### [The data]
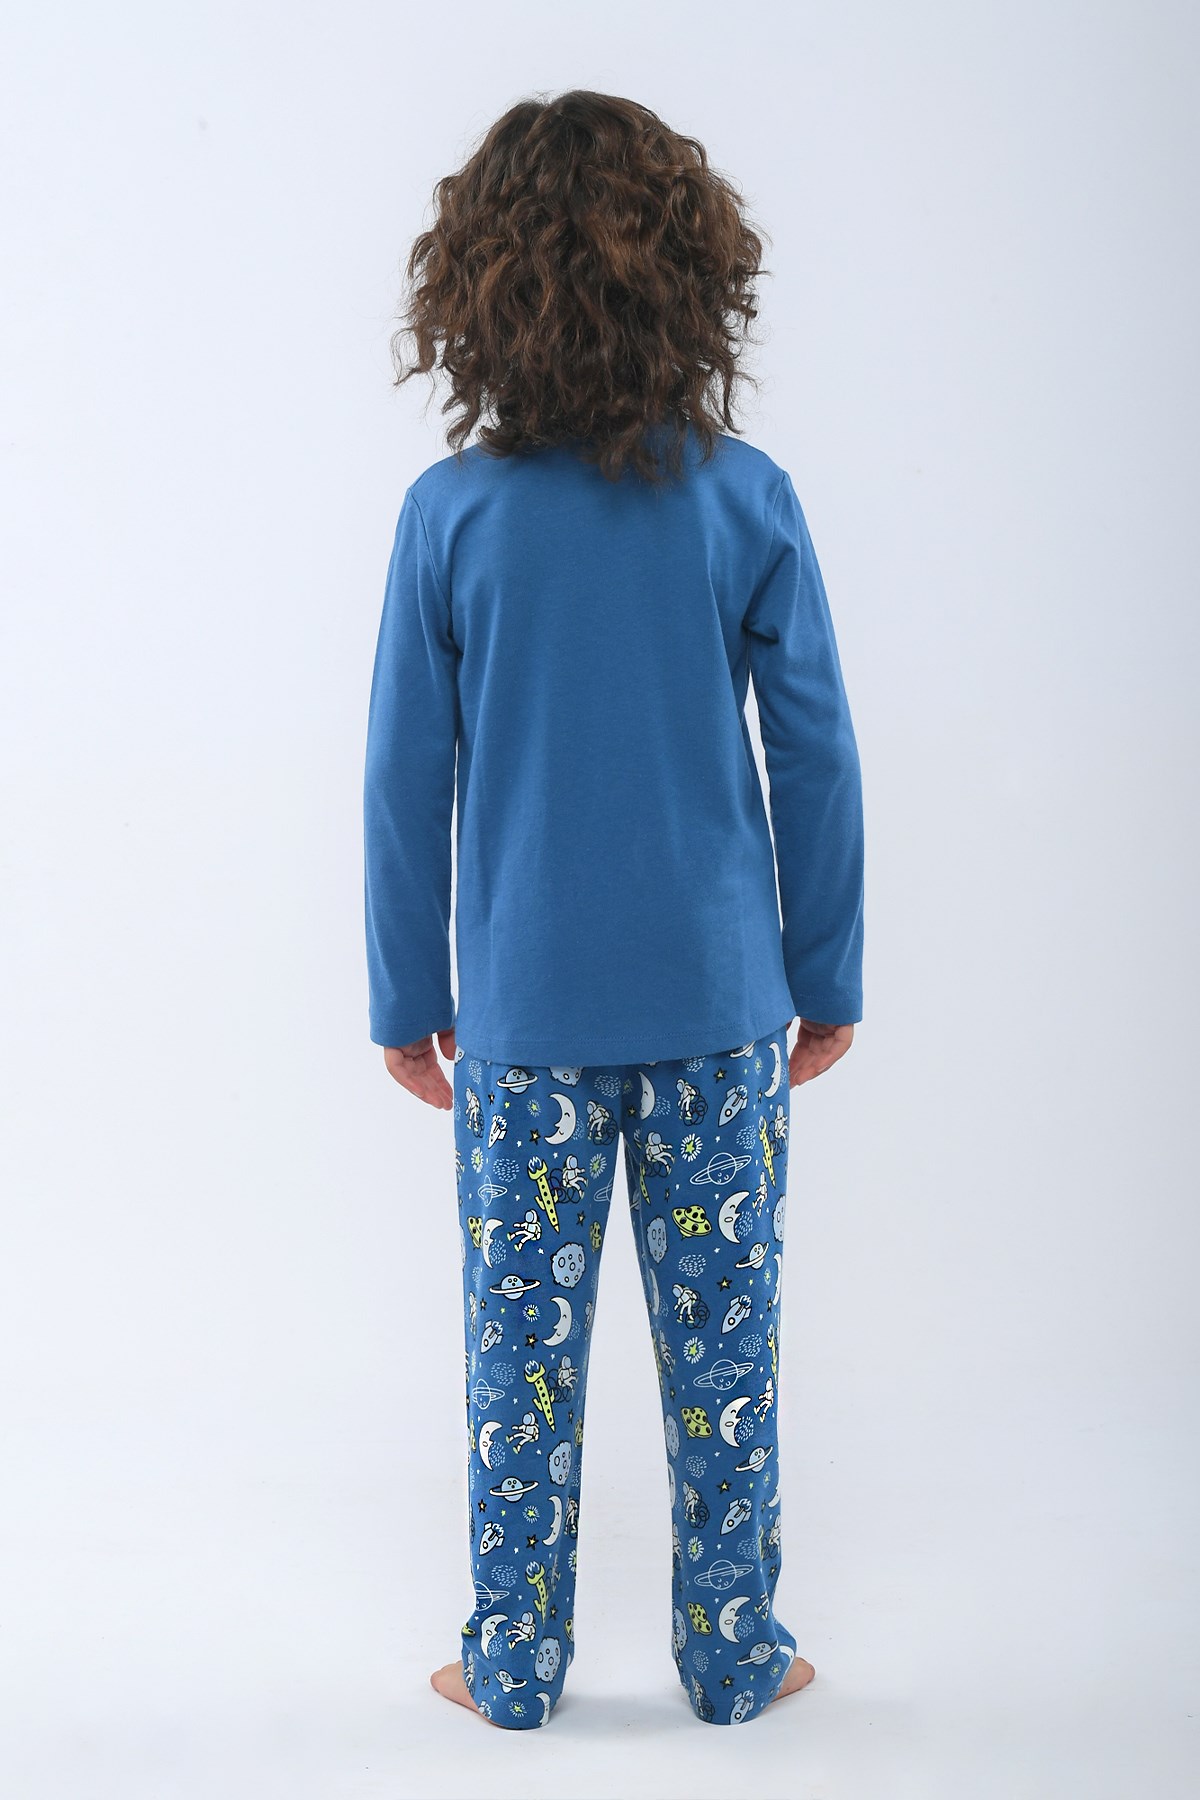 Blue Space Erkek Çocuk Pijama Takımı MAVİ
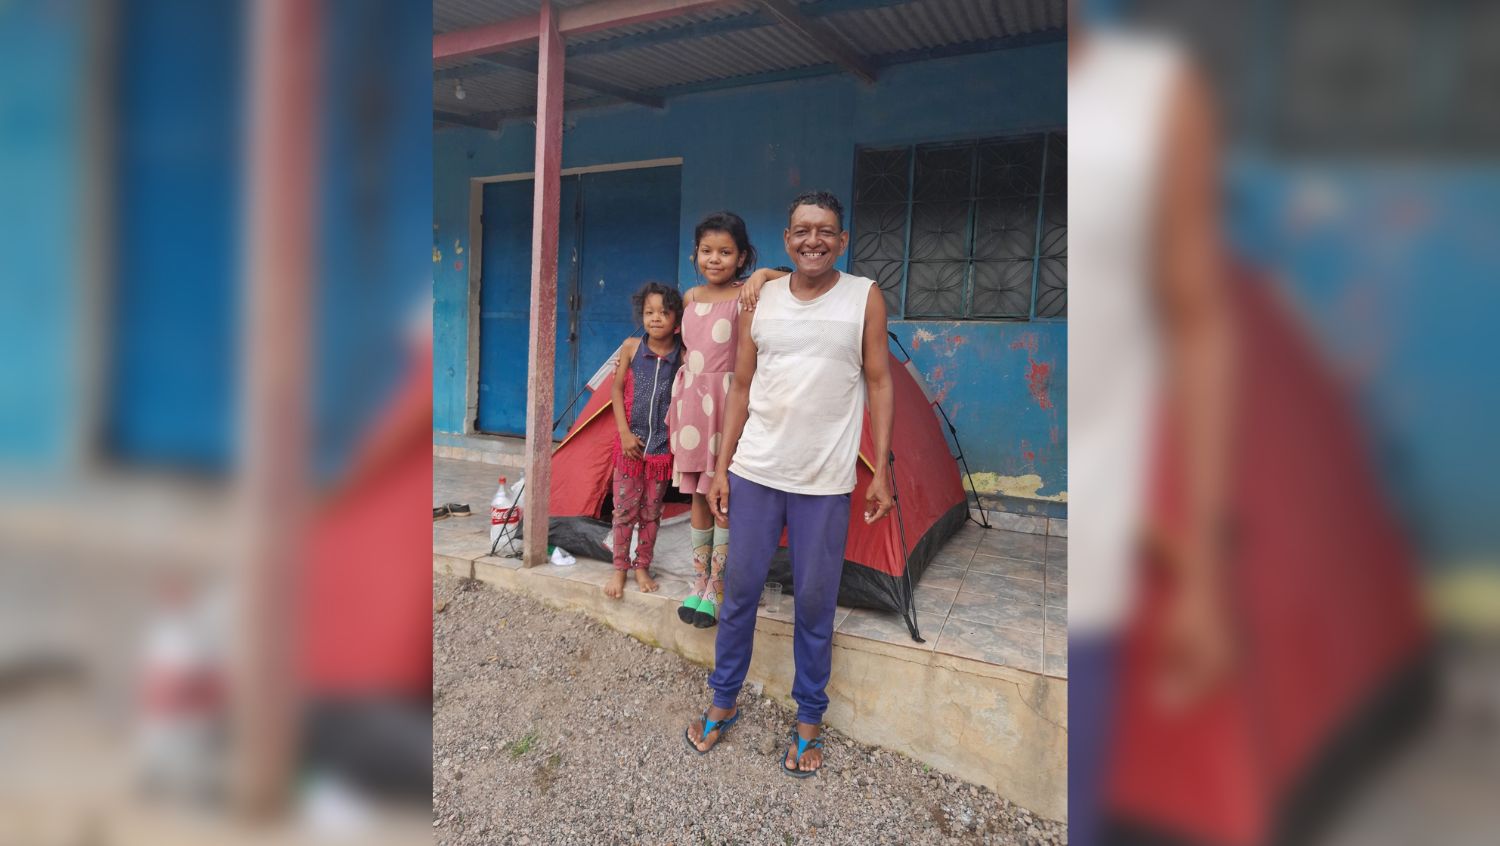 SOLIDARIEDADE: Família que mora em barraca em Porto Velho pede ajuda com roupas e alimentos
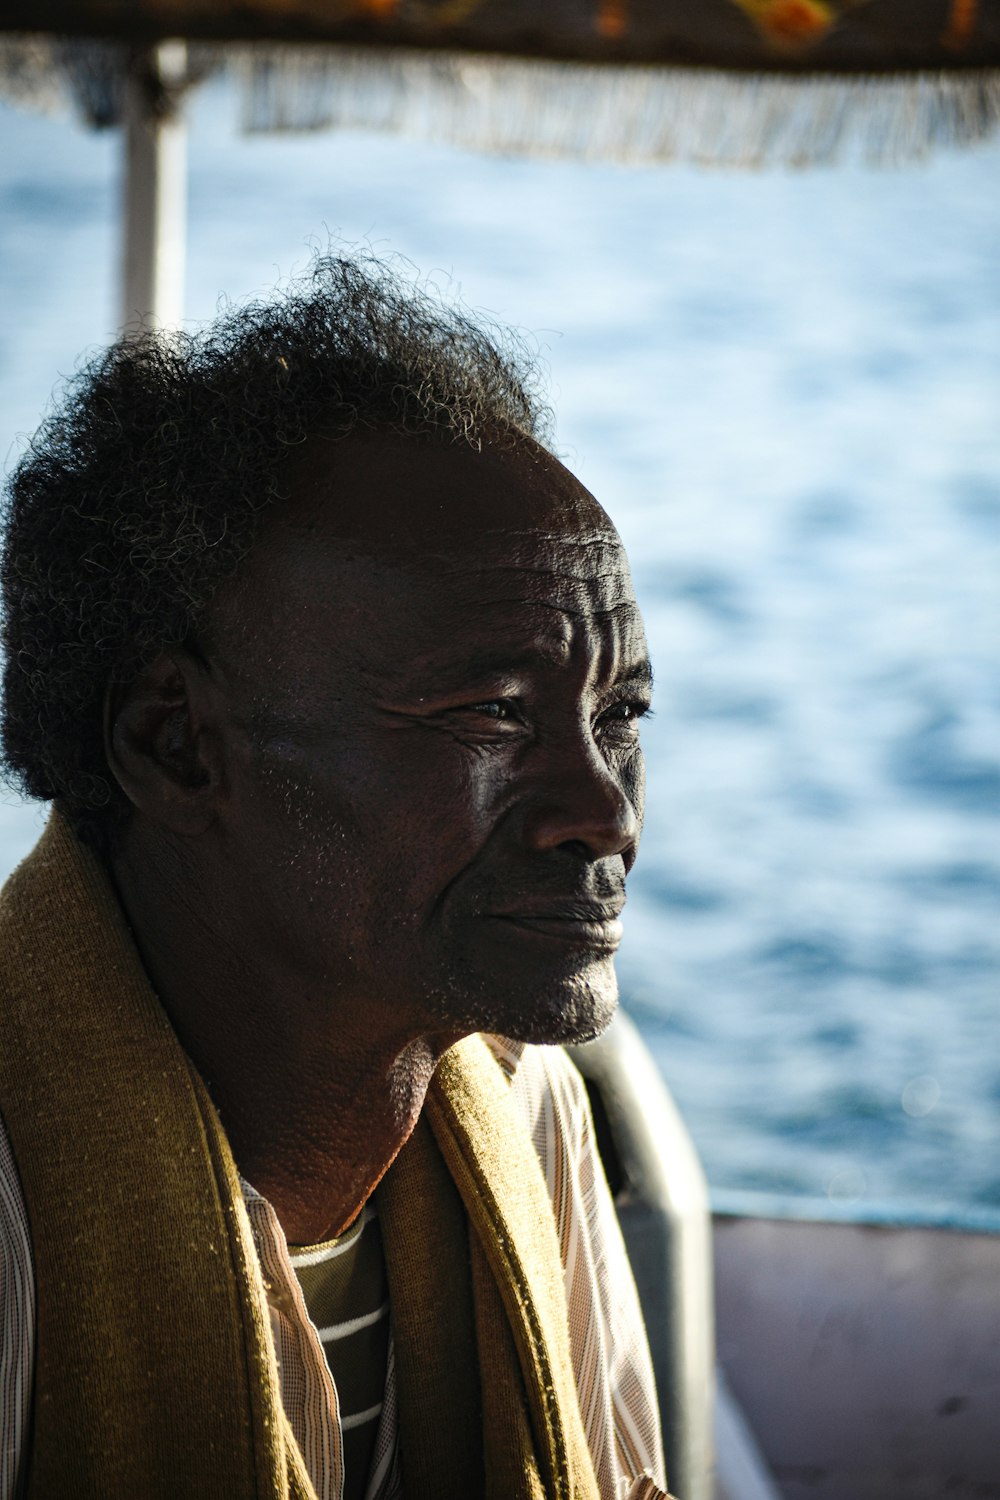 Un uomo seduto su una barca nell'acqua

### [What the task requires]
Output the full listing above exactly, excluding all pictures.

### [Answer for the task]
 Blue Space Erkek Çocuk Pijama Takımı MAVİ
 SOLIDARIEDADE: Família que mora em barraca em Porto Velho pede ajuda com roupas e alimentos
 Un uomo seduto su una barca nell'acqua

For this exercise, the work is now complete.